Managing Risk and Reducing Damage From Well Shut-Ins

A technical synopsis of major considerations for unconventional wells facing prolonged shut-ins. The review includes deciding factors for kill fluid selection and risks of incompatible fluid mixing.

A wellhead in the Permian Basin. Source: ConocoPhillips


Shutting in wells for any reason has a risk of diminished flow when the wells are restarted. The entire flow system from the formation to the off-take mechanism should be considered. Some systems, such as high-pressure dry gas, may accept a simple valve closure as a shut-in without much restart risk, but other wells may be much more sensitive. The restart risk rises when produced fluids in the wellbore separate and gas pressure builds sufficiently to push the wellbore liquids back into the producing formations. Depressuring a static liquid column in the wellbore can result in organic precipitates, sludges, and emulsions with components such as CO2 and iron-rich waters acting as catalysts for creating or stabilizing the emulsion products. These reactions are problematic when confined to a static column, but the risk of creating flow-blocking mechanisms rises sharply if the liquids enter the matrix and mix with connate fluids. The following discussion focuses on well shut in and startup results encountered in several basins around the world, both onshore and offshore, and highlights methods of estimating risk based on well and produced fluid characteristics.


Some well-flow conditions raise the risk of blockage:

  • Pressure—Pressure depletion in a reservoir substantially increases damage risk. Low-pressure wells are highly susceptible to relative permeability-blocking effects. Water-and-oil blockage in the formation is a well-known problem and is often seen in the efforts of bringing a low-pressure well back after a workover. Relative permeability problems are a common blocking mechanism and easily prevented and treated with chemicals specifically selected for the job.
  • Crossflow—Wells with multiple producing layers or even widely varying permeability are the first warning sign of problems to come when a well is shut in. Permeability variances within the producing set of inflow points (formation layers flowing into the wellbore), create groups of lower-pressure, higher-permeability zones and groups of higher-pressure, lower-permeability zones. During production, the flowing bottomhole pressure will usually be low enough to maintain flow from all zones, but when flow is stopped, crossflow from high pressure to low pressure may start. Mixing of gases, oils, and waters from different zones can create many problems, some of which are extremely difficult to remove. 
  • Multiple source rocks—Different sources may feed into layers within a single reservoir and some wells penetrate and produce from multiple layers. Examples of up to seven shale source rock contributions have been identified in some Permian Basin wells.

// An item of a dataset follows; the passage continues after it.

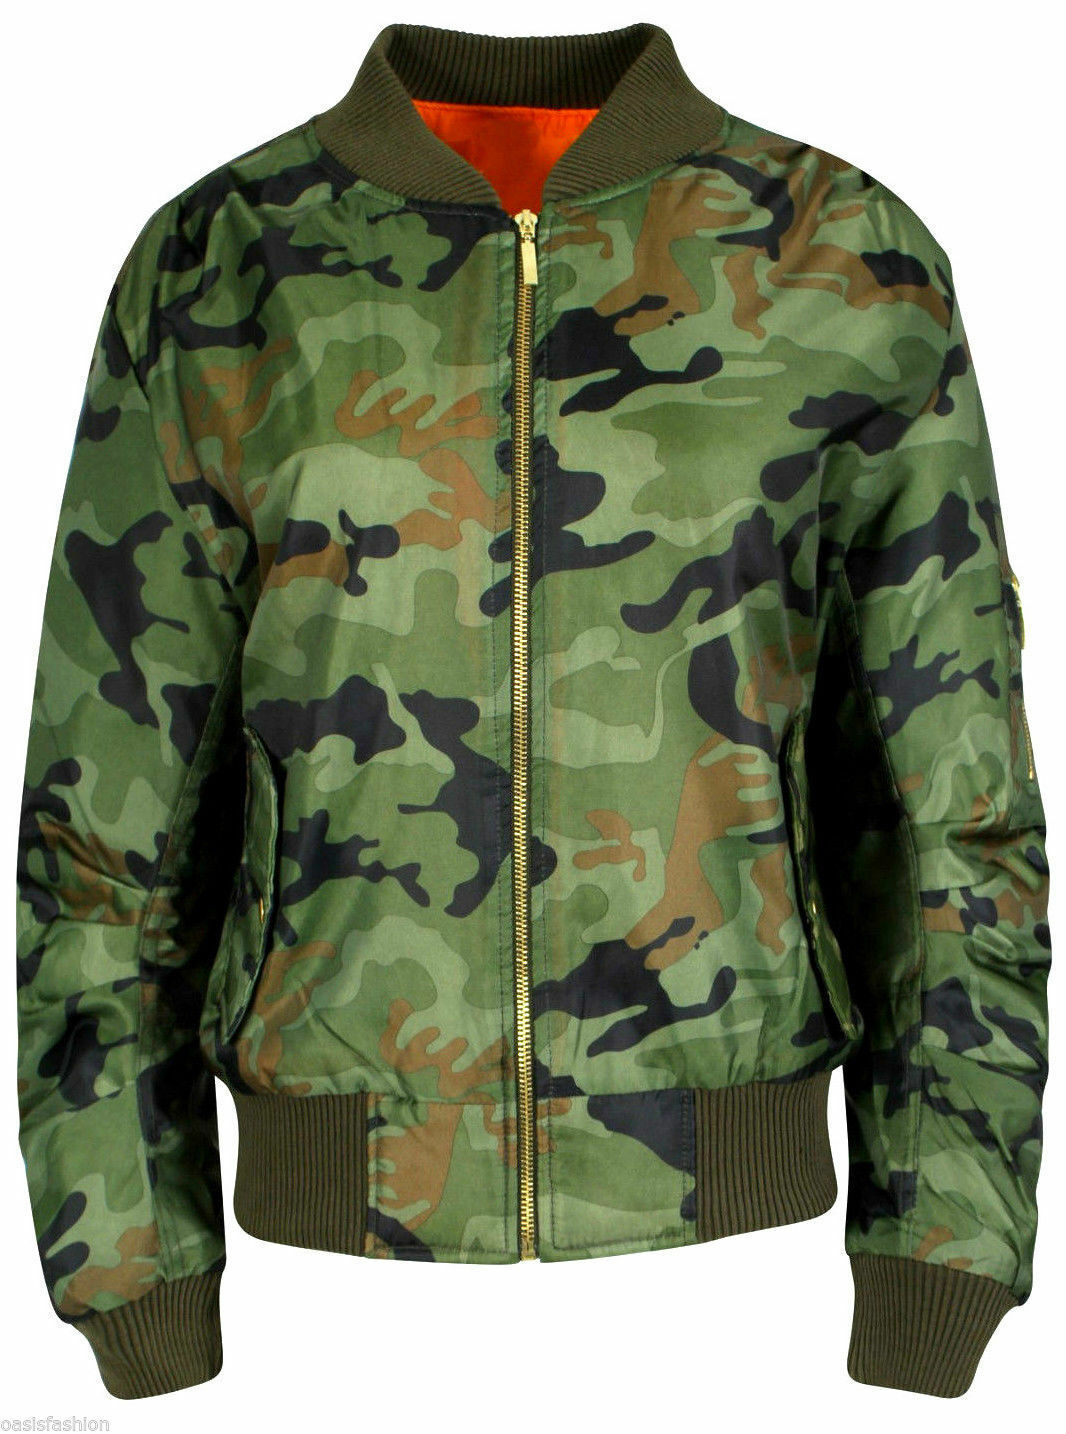 Children's Camo Design Bomber Jacket.It Has An Elasticated Ribbed Collar, Waistband & Cuffs. Has 2 Front Pockets And Pocket On The Sleeve . Ages 5-16 Available.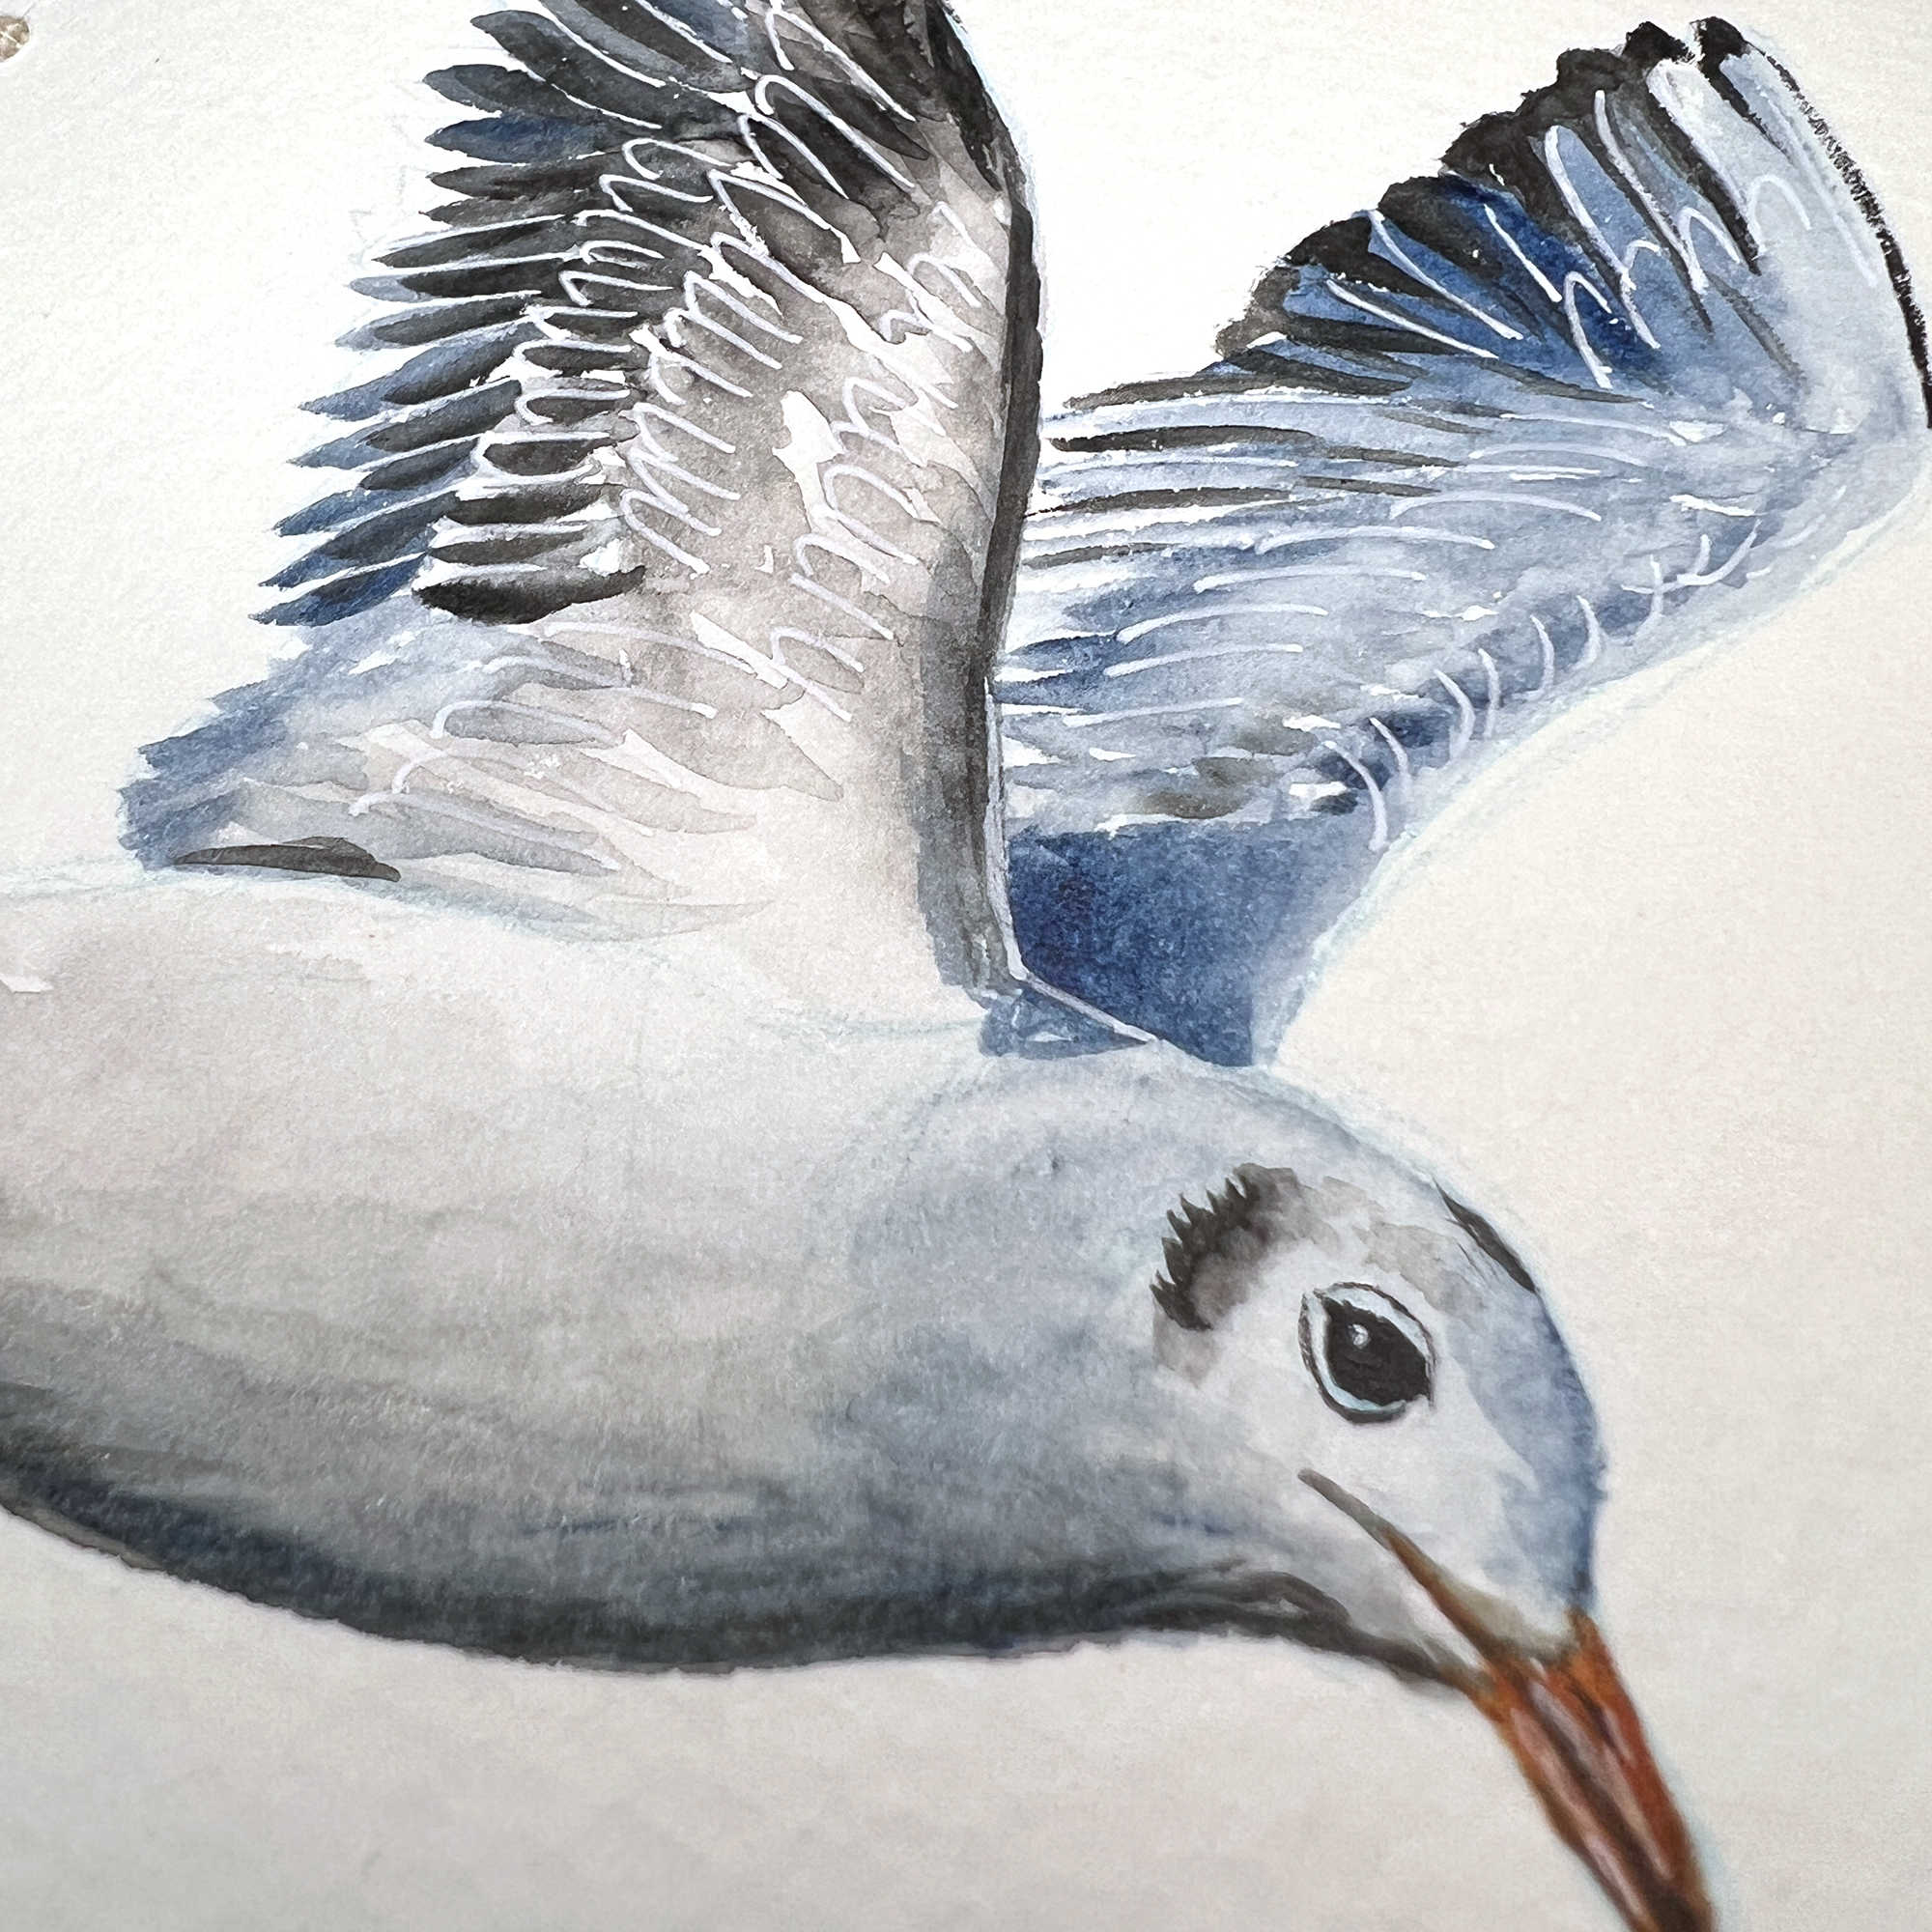 Close up detail view of a seagull watercolor sketch, showing the detail of the face and wings

Mixing of asphaltic and paraffinic oils, common in many basins, may create downhole and in-situ organic precipitates that can partly or totally block small and large flow passages within the rock fabric. Paraffins may be “chilled” into precipitating by cooler fluids falling back and mixing with oil in the well or the near wellbore. Asphaltenes, however, are another matter; solid asphaltic masses in the wellbore or in the formation can be triggered by fluids of different layers mixing in a single zone. Additional trigger mechanisms for asphaltene precipitation are influx of water with high iron contents, shifts in the pH of fluid from a specific rock layer, or outgassed oils missing important short-chain and aromatic hydrocarbons that flashed off during initial production.
  • Variance in connate water—Multiple produced-water sources within a well may create inorganic scales, and remixing waters that flashed off CO2 during production can concentrate waters that are super saturated with calcium and iron. Incompatible water sources may bring barium and calcium together with other sulfate-rich waters—resulting in scales that may be difficult to remove, especially when mixing and precipitates occur within the pores of the rock. Clay interactions with mixed waters are possible, and damage from clay swelling or migration may be difficult to remove.
  • Ductile and unstable formations (e.g., unconsolidated sands) are difficult to produce under the best conditions. Production from these wells is easily damaged by changes in flowing conditions. Initiation of flow from “soft” or ductile formations is best achieved by controlled drawdown and flow that is as steady as possible. Changes in flowing conditions may produce a spike in the flow of solids before reaching a semi-steady state of flowing equilibrium. Shutting in these wells must be done carefully, and restarts must be initiated in a very controlled manner.
  • Hydrate formations are usually well known for a specific development and will not be covered here.
  • High-rate water-injection wells, particularly in soft or poorly consolidated formations, are subject to backflow from a short-lived but damaging over-pressured event. These problems, often mislabeled as water-hammer events, occur where high-rate water injection is stopped suddenly, allowing momentum of the injected water to pressure up near the wellbore, temporarily creating a lower pressure in the tubing before pressure is equalized by flowing back into the well. This produces a backflow surge from the formation that can carry water and formation sand into the well and can fill hundreds of feet of tubing with sand.
  • Corrosion—Well integrity impacts from a corrosion perspective should also be considered when planning on shutting in wells for an extended time. Hence, well preservation is critical, and factors such as anticipated shut-in durations and production conditions should be taken into account. This includes a good understanding of potential corrosion rates by adequately accounting for critical factors such as fluid pH, CO2/H2S levels, chlorides, and other fluid and material characteristics.
  • Surface Facilities—Certain gathering systems and facilities may be impacted when shutting in wells. This may include completely shutting down and isolating flowlines, or flowline and pipeline segments, as well as various gathering facilities. In some instances, this may result in reduced throughput from certain gathering stations, which may require adjusting of various key items including chemical treatment rates and other factors which may help with further reducing OPEX. 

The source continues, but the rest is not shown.